Background The problem of inaccurate placement of gonad shields in children has been highlighted by several publications nationally and internationally.3

A written departmental protocol for the correct use of gonad protection, with regular audit, will:

  • Avoid confusion over when and where gonad protection is required

  • Help new staff and locum staff to adapt readily and easily to local policy

  • Reduce gonad dose without significant loss of radiographic information


  • The aim of the study is to make sure that children’s gonads are protected from the unnecessary harmful radiations caused by x-rays that can affect them in the long term

  • Gonad protection should be used according to the local policy in all cases.1 2 (The guidelines of the paediatric radiology department at BRI)

  • Initial Hip/Pelvic x-ray doesn’t require gonad shield to avoid obscuring the sacrum in females or symphysis pubis in males.

  • Gonad shield should be used and positioned accurately in all subsequent images.


  • PACS system was used to search for 2 views Hip/Pelvic X-ray in patients <16 years old at BRI hospital.

  • Retrospective study (Audit: September 2017 – April 2018)

(Re-audit April 2017 – August 2018)

- Each image was assessed to determine the presence or absence of gonad protection and whether the protection was placed correctly or not.

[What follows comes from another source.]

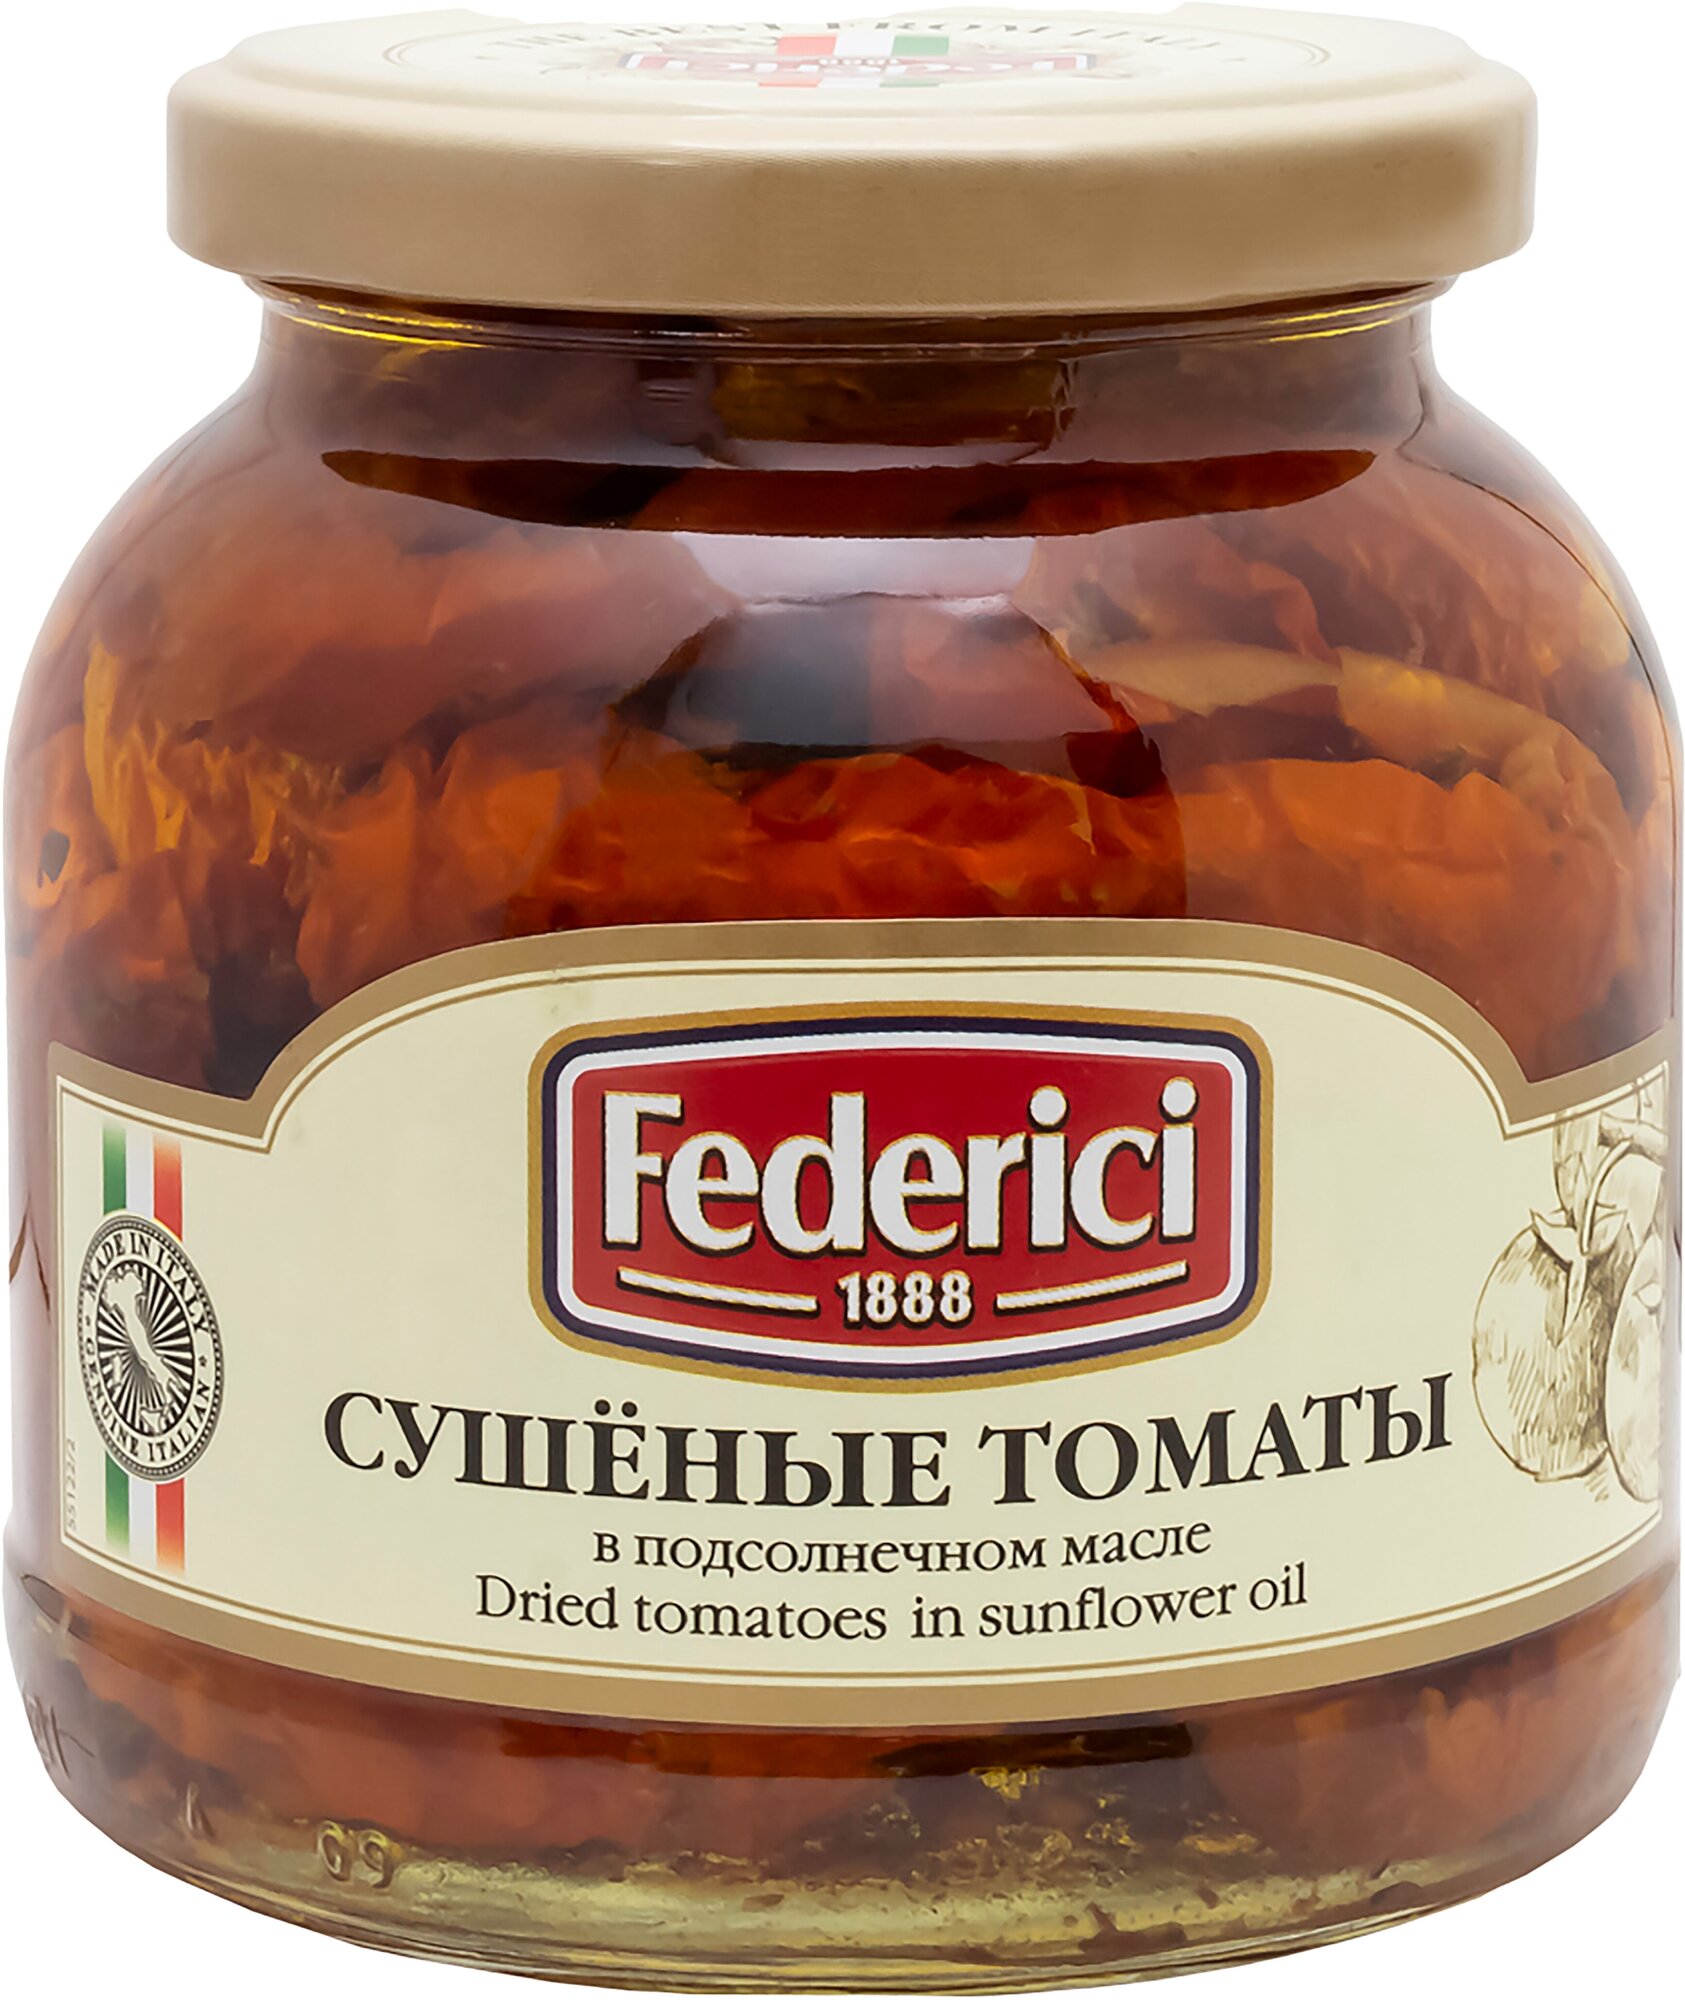 Сушеные томаты в подсолнечном масле Federici

  • The results were discussed at the radiological clinical governance meeting.

  • The superintendent radiographer has sent a reminder e-mail to all the radiographers discussing the importance of not only using the gonad shield but also placing it correctly.

  • Reminder posters to use the gonad shield were put in every x-ray room.

  • A course has been conducted for the new radiographers by a senior radiographer about when and how to use the gonad shield.

  • The local guidelines have been reviewed and simplified to make it easier to follow.

  • Gonad shields have been used in the correct position in 60% of patients after implementing the changes compared to 33% only in the first cycle.

Conclusions It was noticed that the percentage of the well-positioned shields has improved dramatically from 33% to 60% after implementing the previous changes.